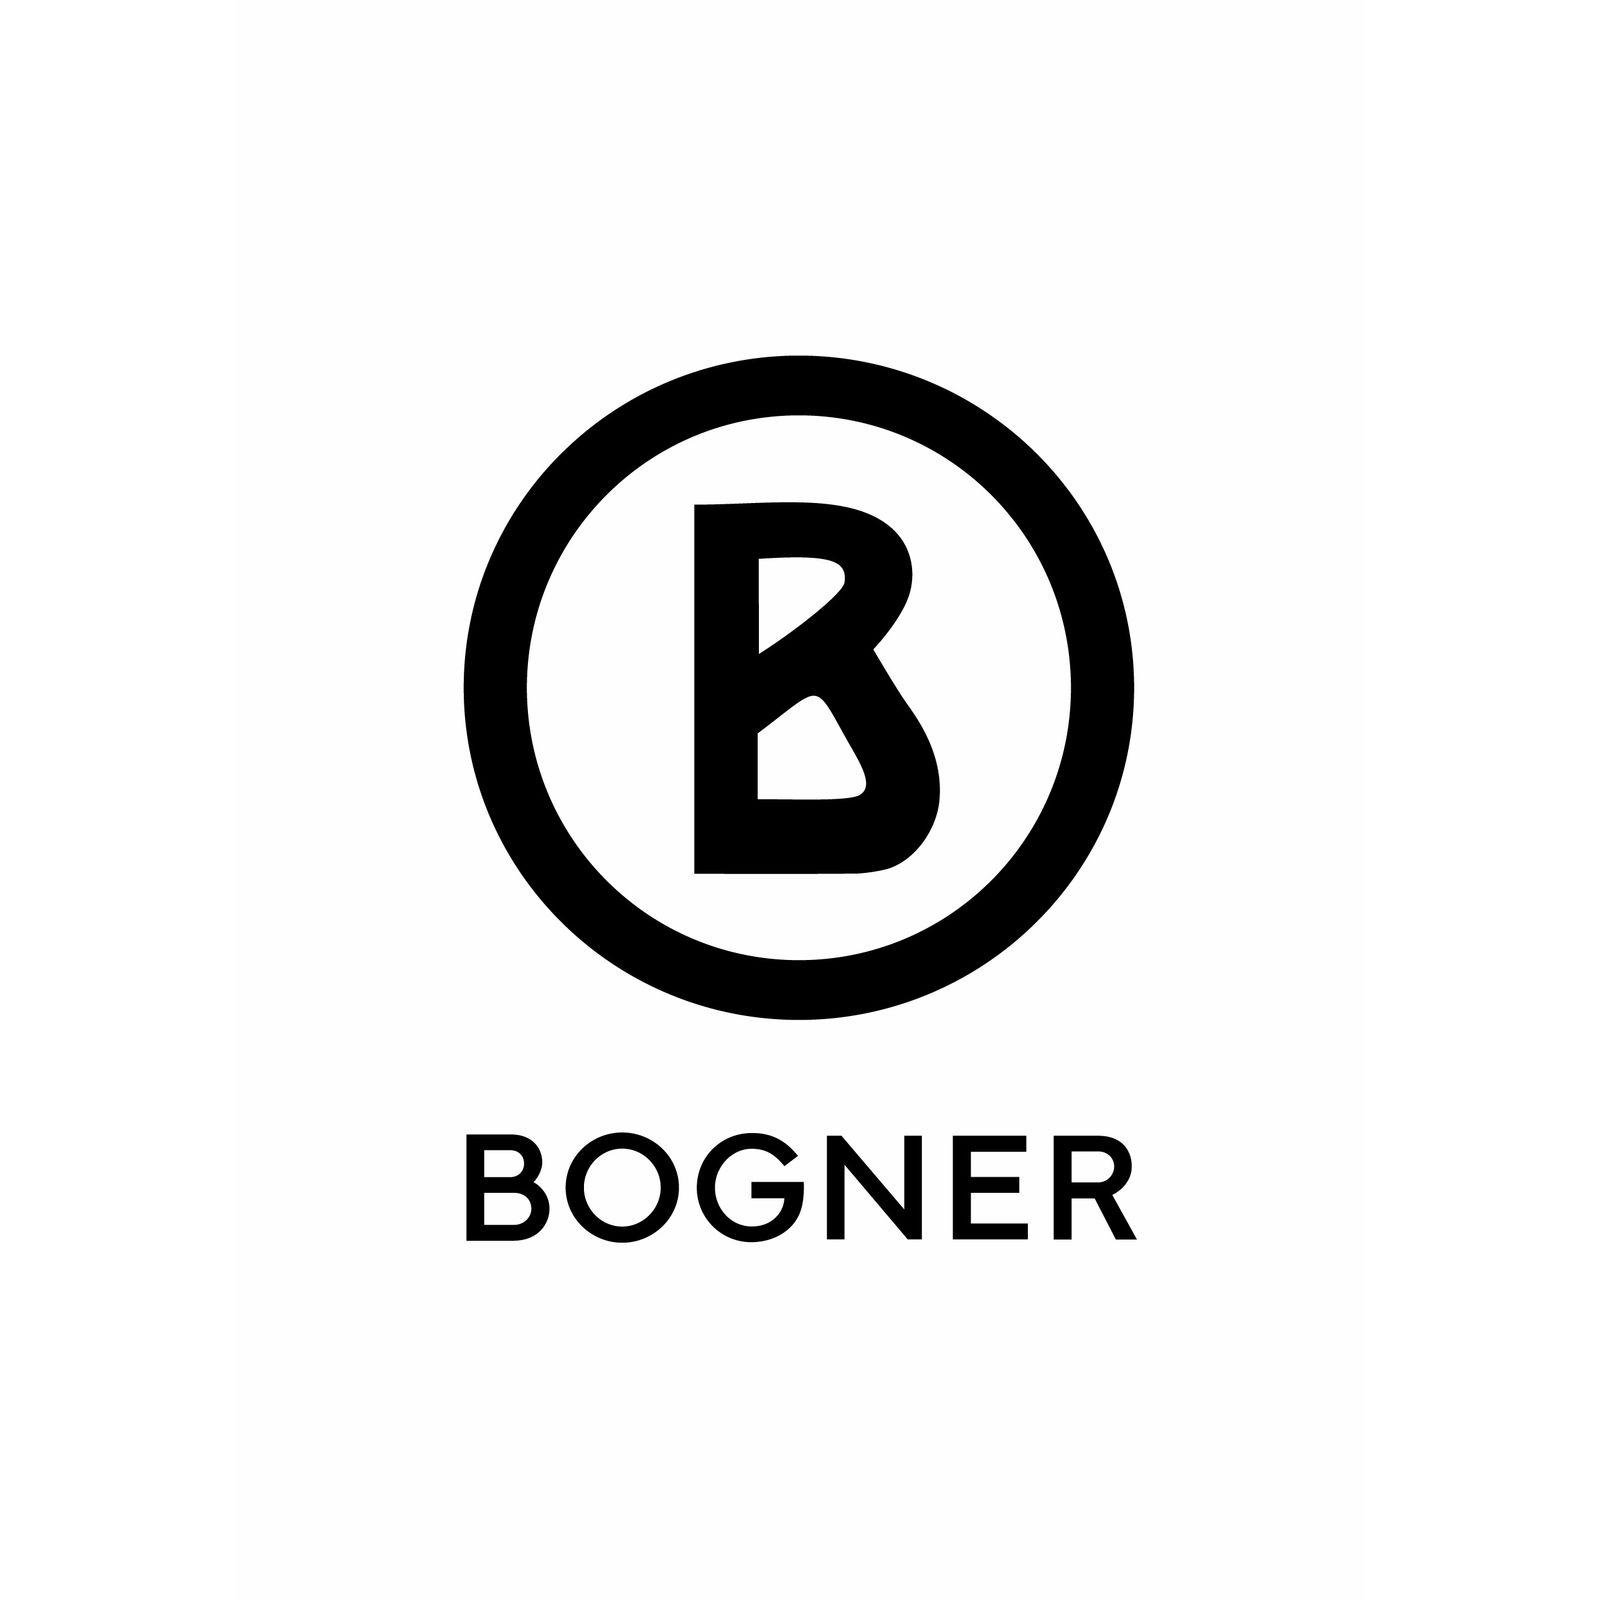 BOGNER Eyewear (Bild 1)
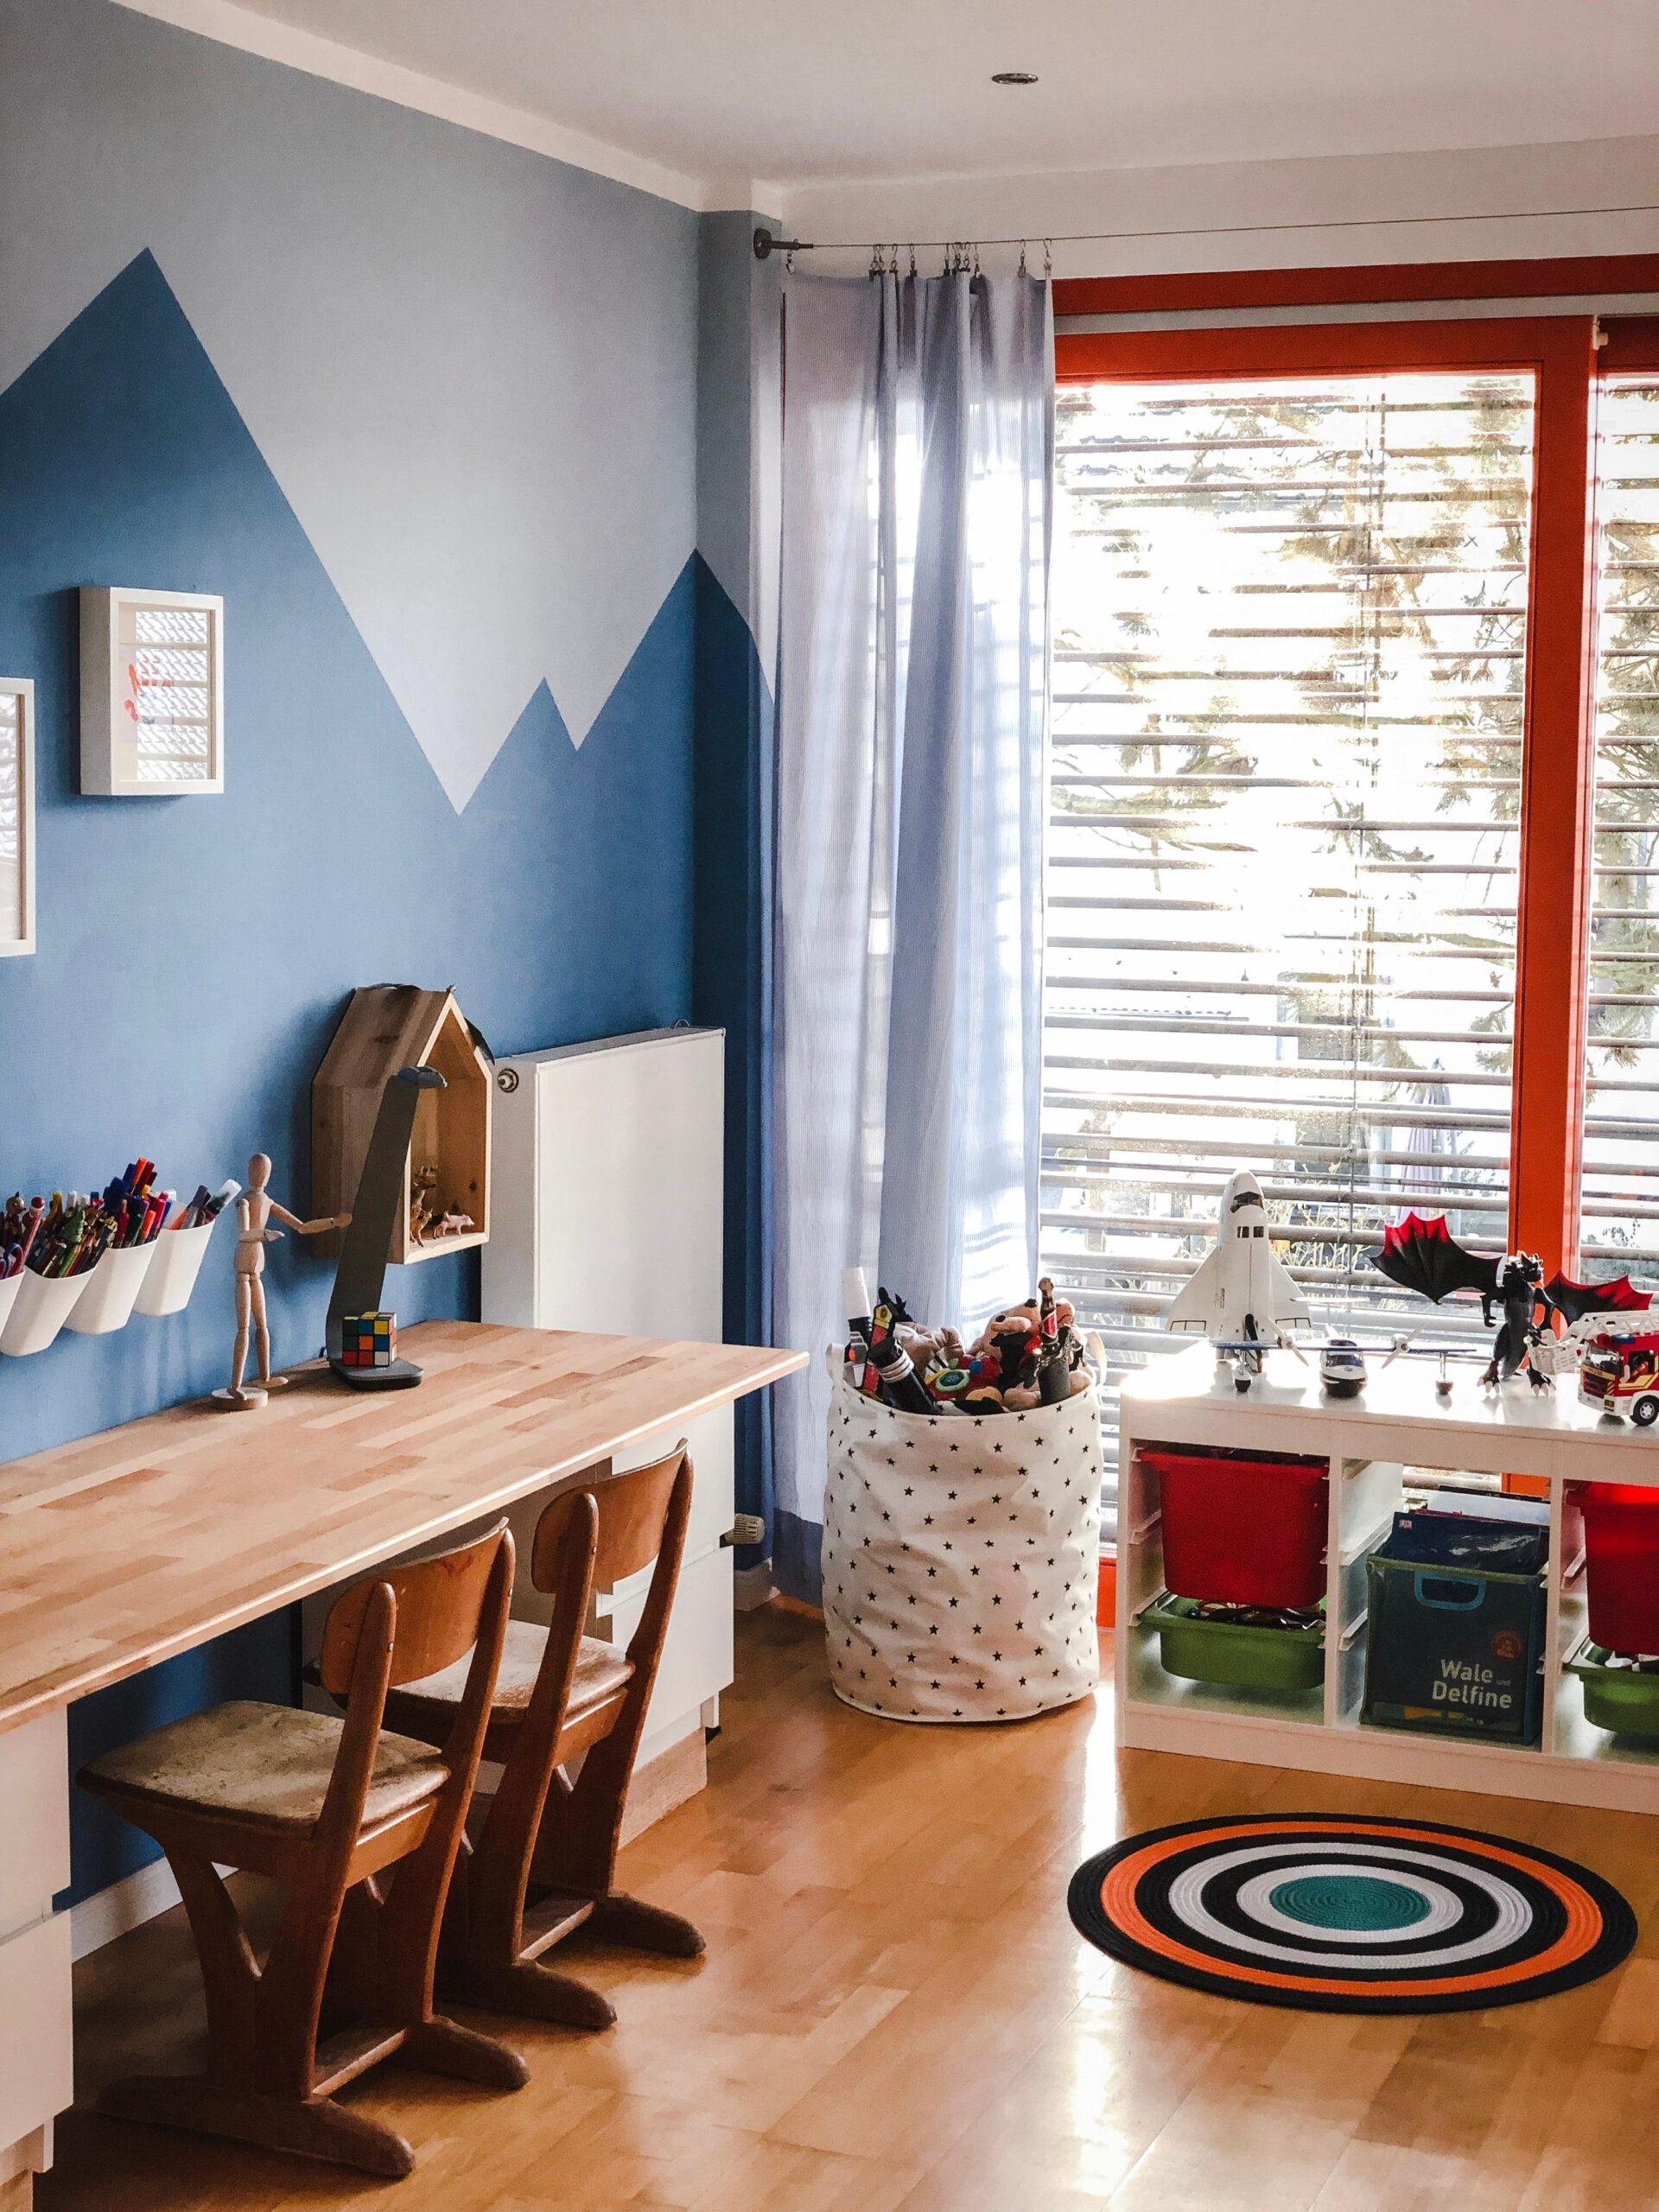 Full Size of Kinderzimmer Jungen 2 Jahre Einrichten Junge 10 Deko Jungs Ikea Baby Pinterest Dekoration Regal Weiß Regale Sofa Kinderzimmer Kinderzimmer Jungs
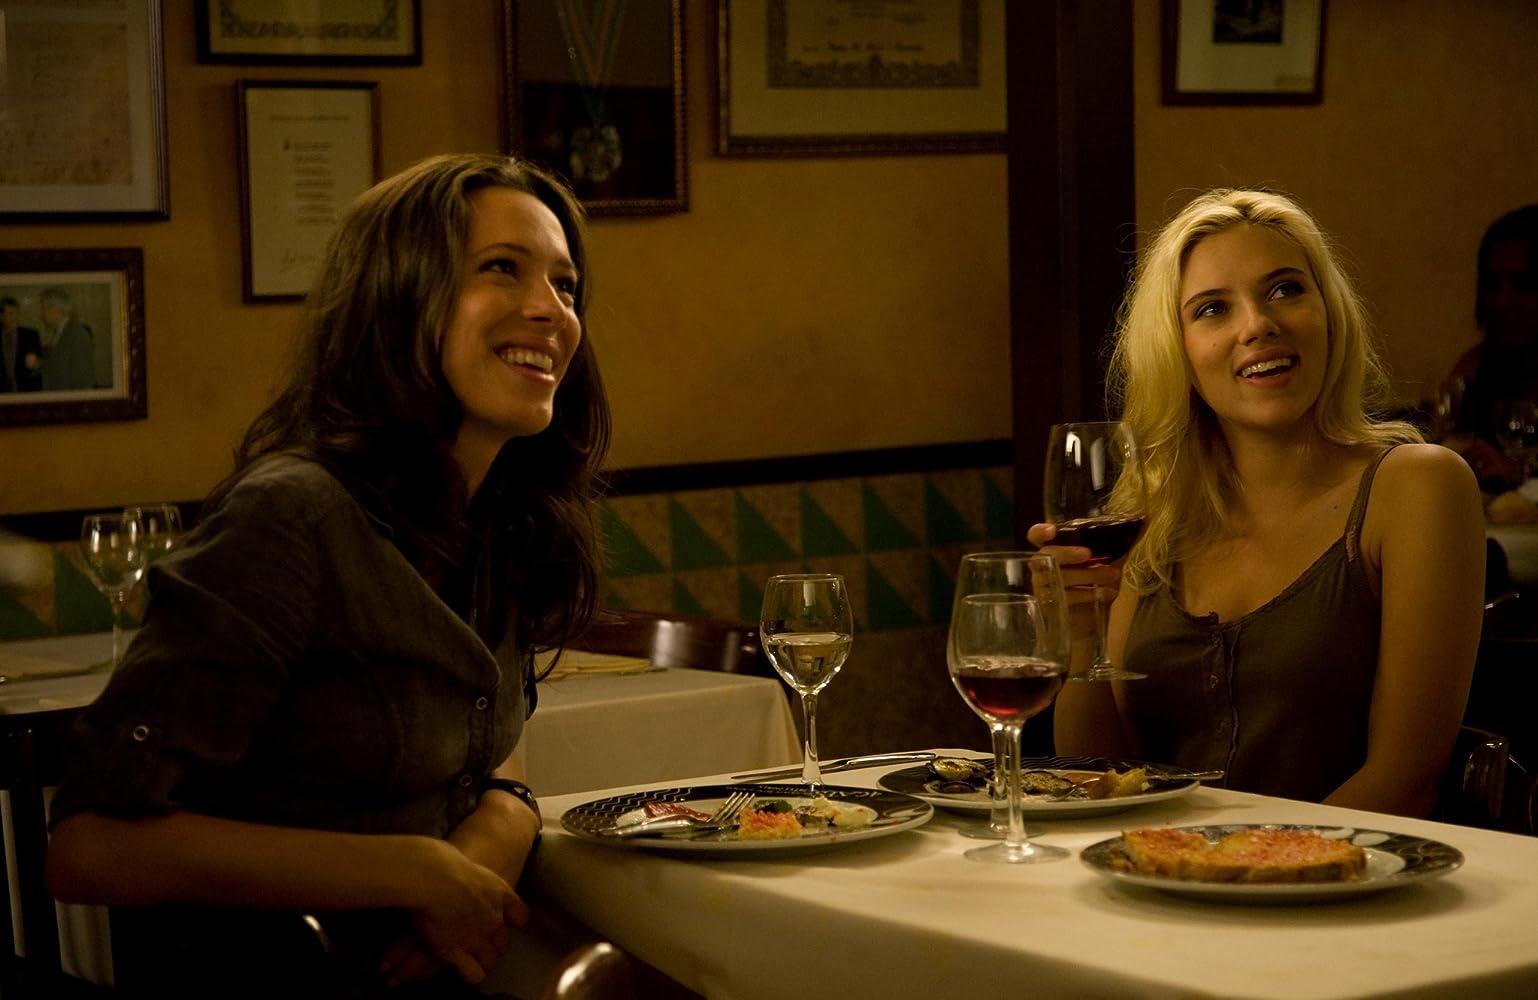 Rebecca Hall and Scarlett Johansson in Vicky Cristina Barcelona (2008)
----
▶ **Your assignment**
Where the material contains pictures, leave them out and copy the rest verbatim.

▶ **Written answer**
 BOGNER Eyewear (Bild 1)
 Full Size of Kinderzimmer Jungen 2 Jahre Einrichten Junge 10 Deko Jungs Ikea Baby Pinterest Dekoration Regal Weiß Regale Sofa Kinderzimmer Kinderzimmer Jungs
 Rebecca Hall and Scarlett Johansson in Vicky Cristina Barcelona (2008)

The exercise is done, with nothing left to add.